Some watchdog timers can be set to have a trigger go off before the actual time they will reset the system. This can be done with an NMI, interrupt, or other mechanism. This allows Linux to record useful information (like panic information and kernel coredumps) before it resets:

Some Watcjdog timers allow you to set a trigger before the actual time you restart the system. It can take advantage of NMI, interrupts or other mechanisms. This allows Linux to leave useful information (eg panic information and kernel core dumps) before rebooting.

pretimeout = 10;
ioctl(fd, WDIOC_SETPRETIMEOUT, &pretimeout);

Note that the pretimeout is the number of seconds before the time when the timeout will go off. It is not the number of seconds until the pretimeout. So, for instance, if you set the timeout to 60 seconds and the pretimeout to 10 seconds, the pretimeout will go off in 50 seconds. Setting a pretimeout to zero disables it.

Note that pretimeout is the time in seconds before timeout is triggered. This is not a letter k until pretimeout. So, for example, if you set timeout to 60 seconds and pretimeout to 10 seconds, pretimeout will be activated in 50 seconds. It can be disabled by setting pretimeout to 0.

There is also a get function for getting the pretimeout:

There is also a function to get the pretimeout.

ioctl(fd, WDIOC_GETPRETIMEOUT, &timeout);
printf("The pretimeout was is %d seconds\n", timeout);

Not all watchdog drivers will support a pretimeout.

Not all Watchdog drivers support pretimeout.

Get the number of seconds before reboot

Some watchdog drivers have the ability to report the remaining time before the system will reboot. The WDIOC_GETTIMELEFT is the ioctl that returns the number of seconds before reboot:

Some Watchdog drivers have the ability to notify you of the time remaining before the system restarts. WDIOC_GETTIMELEFT is an ioctl that returns the number of seconds before a reboot.

ioctl(fd, WDIOC_GETTIMELEFT, &timeleft);
printf("The timeout was is %d seconds\n", timeleft);

Environmental monitoring

All watchdog drivers are required return more information about the system, some do temperature, fan and power level monitoring, some can tell you the reason for the last reboot of the system. The GETSUPPORT ioctl is available to ask what the device can do:

All watchdog drivers need to return a lot of detailed information about the system. Some monitor temperature, fan, and power levels. Some will notify you as the last factor that caused the system to reboot. GETSUPPORT ioctl can inquire what the device can do.

struct watchdog_info ident;
ioctl(fd, WDIOC_GETSUPPORT, &ident);

the fields returned in the ident struct are:

The field of the ident structure is as follows.

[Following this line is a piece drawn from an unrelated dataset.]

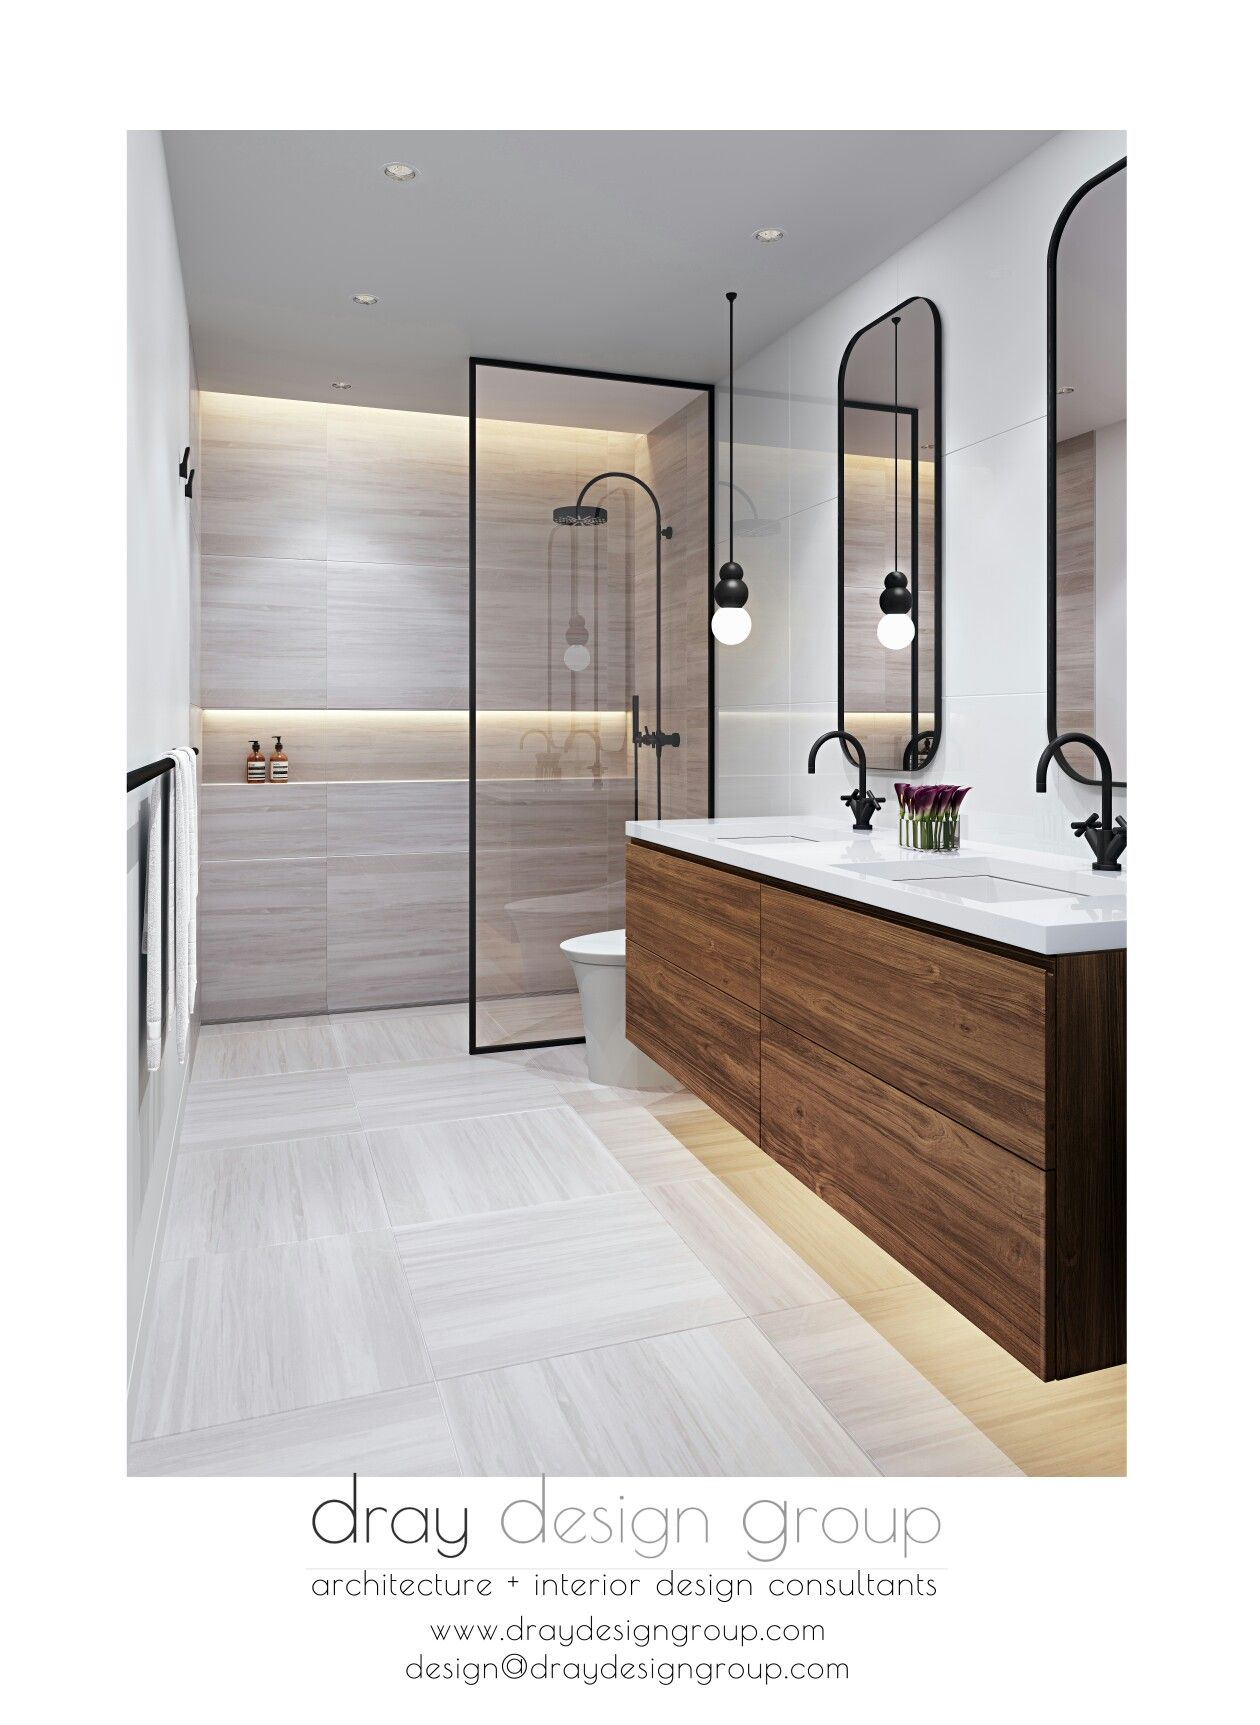 Miami Shores Residence Bathroom Renovation Warm Walnut Custom Vanity Balances The Clean Lin

identity a string identifying the watchdog driver firmware_version the firmware version of the card if available options a flags describing what the device supports

ʻIdentitywatchdog driver identifier string firmware_version If enabled, the firmware version of the card ʻOptions Flag descriptors supported by the device.

the options field can have the following bits set, and describes what kind of information that the GET_STATUS and GET_BOOT_STATUS ioctls can return. [FIXME – Is this correct?]

In the option field, you can compete for the following bits and return information via GET_STATUS or GET_BOOT_STATUS ioctl [FIXME-Is this true? ]

WDIOF_OVERHEAT Reset due to CPU overheat The machine was last rebooted by the watchdog because the thermal limit was exceeded:

WDIOF_OVERHEAT Reboot due to CPU overheat The machine has reached the temperature limit and watchdog has made a final reboot.

WDIOF_FANFAULT Fan failed A system fan monitored by the watchdog card has failed

WDIOF_FANFAULT Fan failed This system has failed the fan being monitored by the watchdog card.

WDIOF_EXTERN1 External relay 1 External monitoring relay/source 1 was triggered. Controllers intended for real world applications include external monitoring pins that will trigger a reset.

WDIO F_EXTERN1 External factor 1 An external monitoring factor / source 1 trigger has occurred. The controller for real-world applications contains a pin to trigger a reset.

WDIOF_EXTERN2 External relay 2 External monitoring relay/source 2 was triggered

WDIOF_EXTERN2 External relay 2 An external monitoring factor / source 1 trigger has occurred.

WDIOF_POWERUNDER Power bad/power fault The machine is showing an undervoltage status

WDIO F_POWERUNDER Power failure / power failure A low voltage condition was seen on this machine.

WDIOF_CARDRESET Card previously reset the CPU The last reboot was caused by the watchdog card

WDIOF_CARDRESET Card previously reset the CPU The watchdog card caused the final reboot.

WDIOF_POWEROVER Power over voltage The machine is showing an overvoltage status. Note that if one level is under and one over both bits will be set - this may seem odd but makes sense.

WDIOF_POWEROVER Overcurrent power supply

This machine has detected an overcurrent condition. Note that this may seem strange if one level goes down and one level is set to both bits, but it makes sense.

WDIOF_KEEPALIVEPING Keep alive ping reply The watchdog saw a keepalive ping since it was last queried.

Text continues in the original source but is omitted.